[BojanaL]

Improvements in drug delivery across the BBB

Blood-brain barrier (BBB) is selectively permeable membrane in the central nervous system, designed to protect brain tissue from drugs, infective agents, radioactive ions and other harmful elements. It’s made out of specifically designed microvascular endothelial cells, astrocytic endfeet, basal lamina and pericytes. Tight junctions between the cells are preventing large hydrophilic molecules and bacteria/viruses from entering the extra cerebral fluid, but allowing the small hydrophobic molecules, such as O2, CO2 and hormones to enter by diffusion. Large molecules that are essential for the normal brain functioning, such as glucose, are transported by the protein carriers.

Experiments (at the beginning of the 20th century) with dies injected in the blood or directly into brain tissue proved that some kind of barrier exists between brain and the rest of the body, but it couldn’t be visualized until scanning electron microscope was discovered in 1960s. It was believed that this barrier is undergoing some sort of changes from the birth until the adult age, but after series of tests on rabbits and rats it was confirmed that BBB is operative from the birth.
BBB is important shield against potentially harmful agents (chemical or living ones), but that doesn’t make the brain and neuronal tissue untouchable and universally immune to the diseases. Genetic or acquired diseases of the CNS need to be treated like any other disorder and any solution that could “trick” BBB and allow drug transportation directly to the site where needed is more than valuable. So far, drugs were transported either through the barrier using the glucose or amino acid carriers, or by intracerebral implantation. Attempts to loosen up the barrier were made also by disrupting the osmotic pressure, by applying vasoactive substances or by using high-intensity focused ultrasound. Huge progress in this field is made by designing nanoparticles as drug carriers and cancer treatment methods improved a lot after this discovery.
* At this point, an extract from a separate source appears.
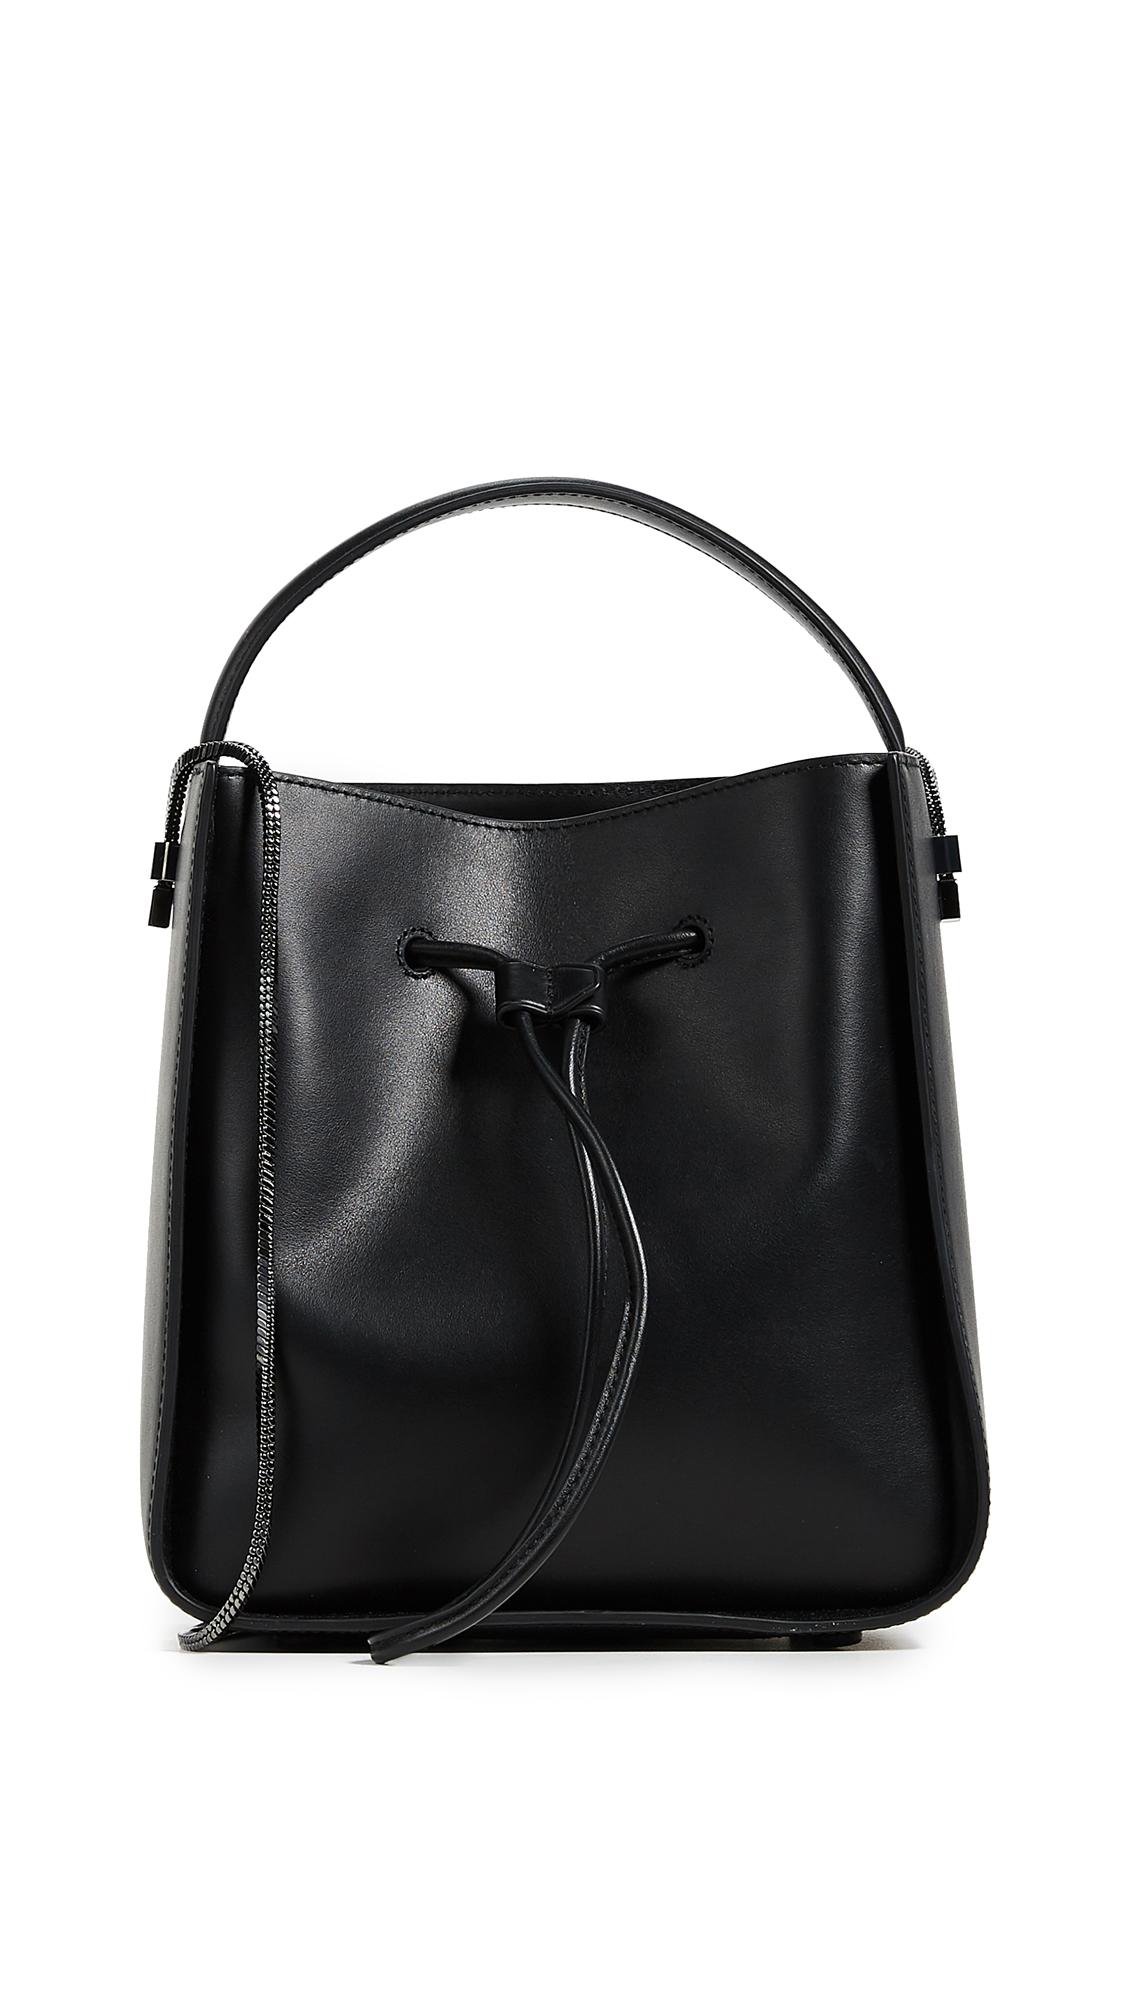 3.1 Phillip Lim Soleil Small Bucket Bag - Black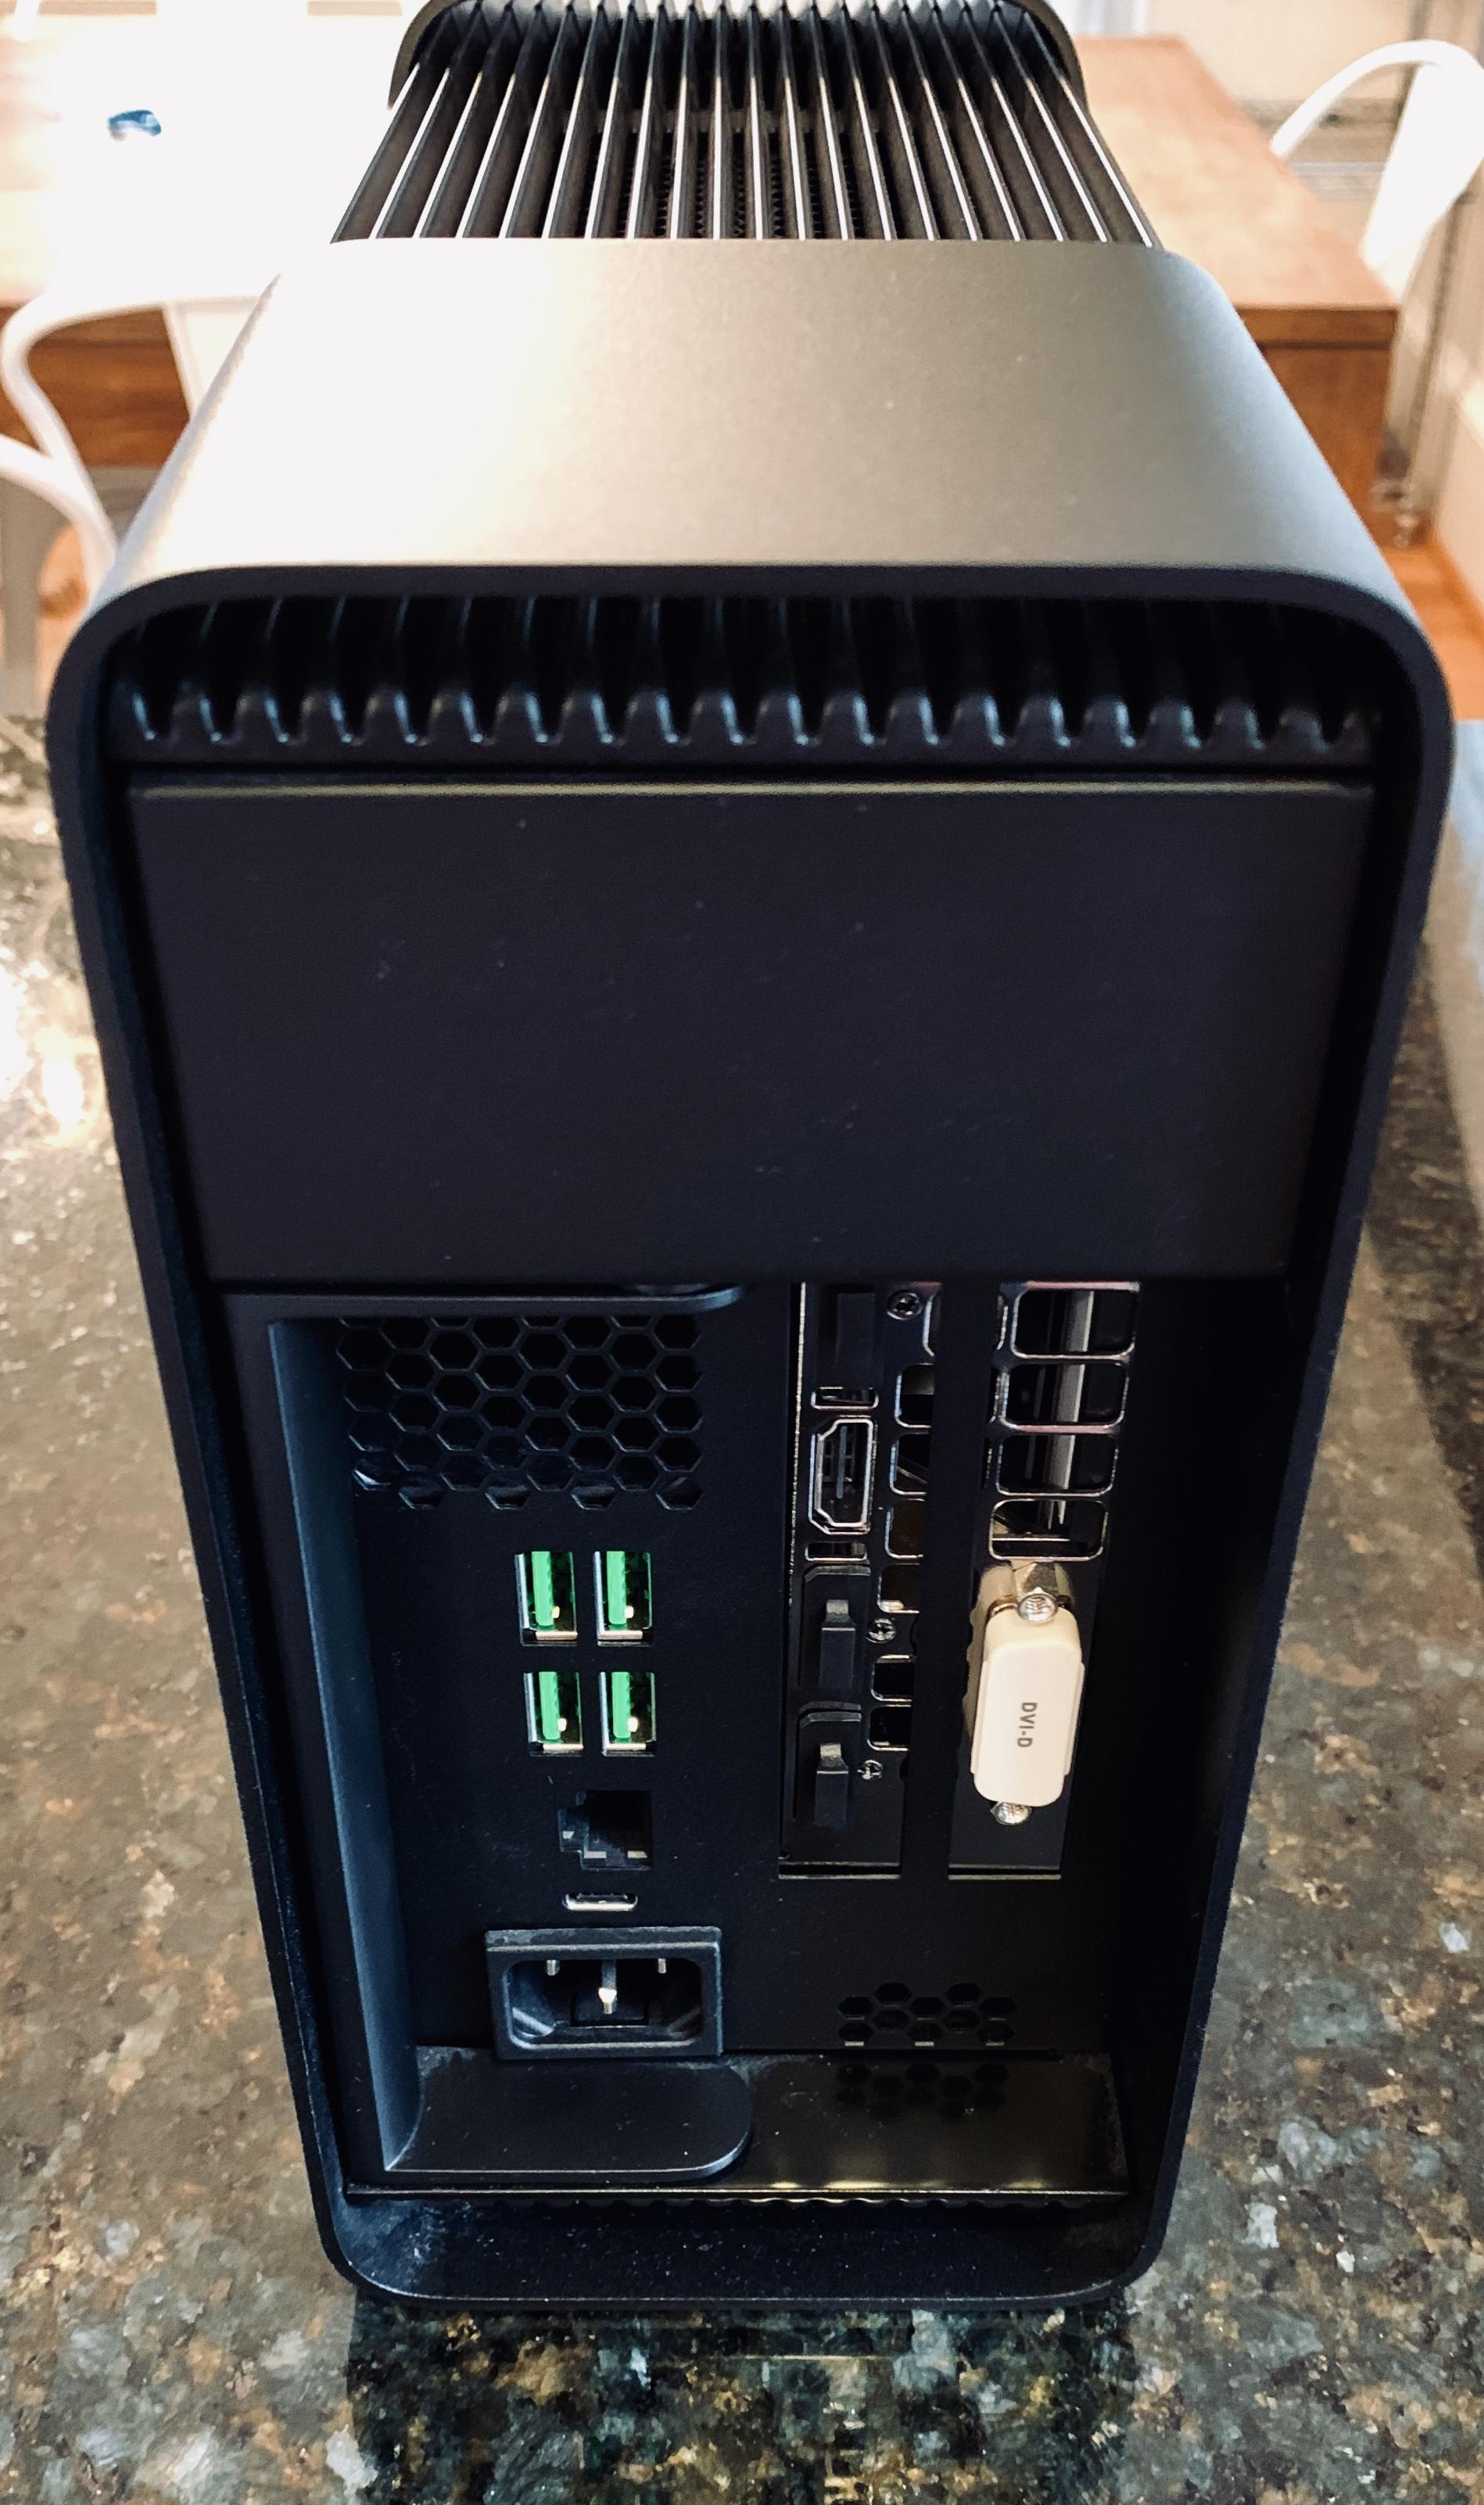 Razer Core external GPU enclosure + EVGA GTX 1070 | Headphone

Brain cancer statistics and survival rates are not bright. When tumor is originating directly in the brain, it’s called primary brain tumor. This type of tumor is more often with children then with adults. It accounts for 25% of all tumors in children, while only 2-3% of all cancers in adult age are result of primary brain tumor. More often is secondary brain tumor, resulting from metastasis, and it’s happening very often: 1 out of 4 cases of any kind of cancer in adult age will result in secondary brain tumor. Despite aggressive treatments and improvements in the cancer therapy, survival rate is dropping with patient age and with disease progression.

Whenever possible, cancer will be surgically removed and chemotherapy will be included in the postoperative course to destroy remaining cancer cells and prevent tumor recurrence. Chemotherapy needs to be delivered at the surgical site, but so far that goal was hard to accomplish for two reasons: to ensure effective penetration through the BBB drug needs to be administered at the highest dose possible and that dose usually adversely affect the rest of the patient’s organism. Using nanoparticles that are releasing drug gradually in time, dosing problem was eliminated. Initially designed nanoparticles didn’t move through the neural tissue after the application. Deeper parts of the tissue were usually “drug free” since nanoparticles remained attached to the cells at the application site. Latest improvements in the brain targeted drug delivery managed to overcome this problem. Using the nanoparticles coated in polyethyleneglycol (PEG), more sophisticated drug delivery technique is achieved, enabling not just to lower the drug dose, but to deliver it to the targeted spot in the brain. Labeling the coats with glowing tags proved that nanoparticles coated in dense layer of PEG can move deep in the tissue. It’s shown that density of the PEG layer is responsible for nanoparticle penetration potential; one with less dense PEG coats will pass shorter distance than one with more dense coats. What makes these nanoparticles more successful in brain targeted drug delivery is reduced interaction with surrounding cells, “slippery” effect of the PEG while penetrating tissue barriers and lack of immune response.

Experiments with rat brain tissue using chemotherapeutic drug Paclitaxel already showed that biodegradable nanopaticles coated in PEG can easily reach deeper parts of the brain. Further investigation will be focused on particle optimization and on the targeted drug delivery for the diseases like multiple sclerosis, stroke, Alzheimer’s disease as well as other brain related disorders.